Friday, December 27, 2013

On Christmas

A few days after the big celebration and even longer since I've last written here, I've settled back home in Sydney after Christmas in Cootamundra. This Christmas was unlike any I've had previously, and not just because it was beer in the pool rather than hot cider by the fire.

Lots of things were the same. Too much food, lots of laughter, excitement for presents and impatience from excitement. Family was celebrated and conversation was, mostly, light. But instead of being with my own family, I was with a new one. One that has taken me in and made me feel perfectly at home and perfectly welcome, but with the traditions abounding, I was reminded that they are not, in fact, mine. Christmas was disconnected.

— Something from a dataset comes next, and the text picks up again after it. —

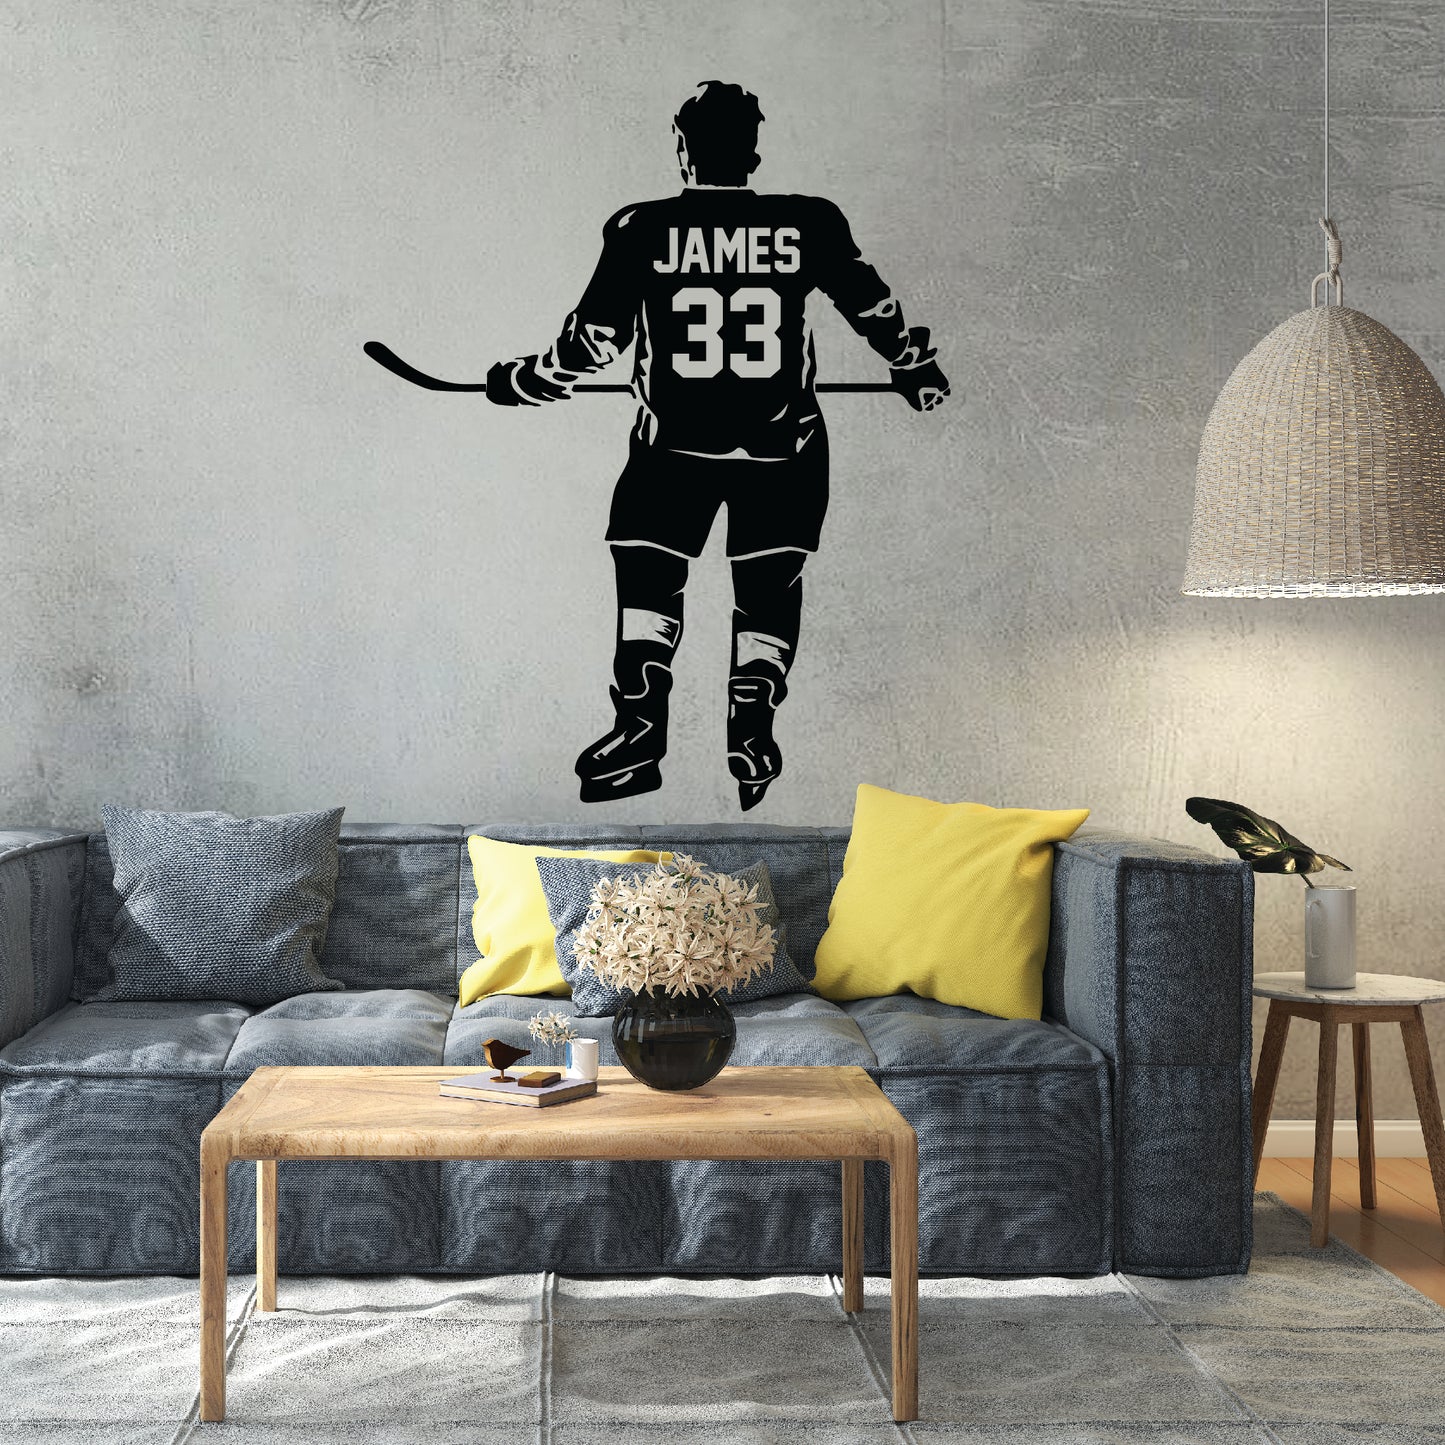 hockey-decal-with-name-number

I spent the morning opening gifts from both my families, host and biological. I slipped away quietly during tea and spent an hour Skyping with my family back in Georgia, for whom it was still Christmas Eve, before rejoining the Australia Christmas. I went to bed exhausted and content, but also sad in a profoundly new way. Celebrating Christmas this year was a stunning reminder that for me, this season is not nearly as much about the traditions or the locations or even the people with whom it's spent as it is about the One I am celebrating. But even with this knowledge in hand, the insignificant things still matter. And the holiday season half a world away from one's family can be a discombobulating thing.

Moving to Australia is a marvelous thing. It carries opportunities and adventures unmatched by any other I've had in my soon-to-be 24 years. But it also carries a heaviness, a bittersweet acknowledgement that new hello's do not exist without gravitational goodbye's. As the 12 days of Christmas count down and a monumental year approaches, I am joyful beyond compare, but I miss my family. And I am learning that the two things are strange puzzles pieces. They might not fit together easily, but they are both essential corners. Unless I have both, I won't see my big picture clearly. And it's a picture I desperately want to see.

A very Merry Christmas, from Australia to wherever you are. May your 2014 ring in with a resounding yes for whatever path you are choosing. The things that matter, the people that matter, the places that matter, you will carry with you.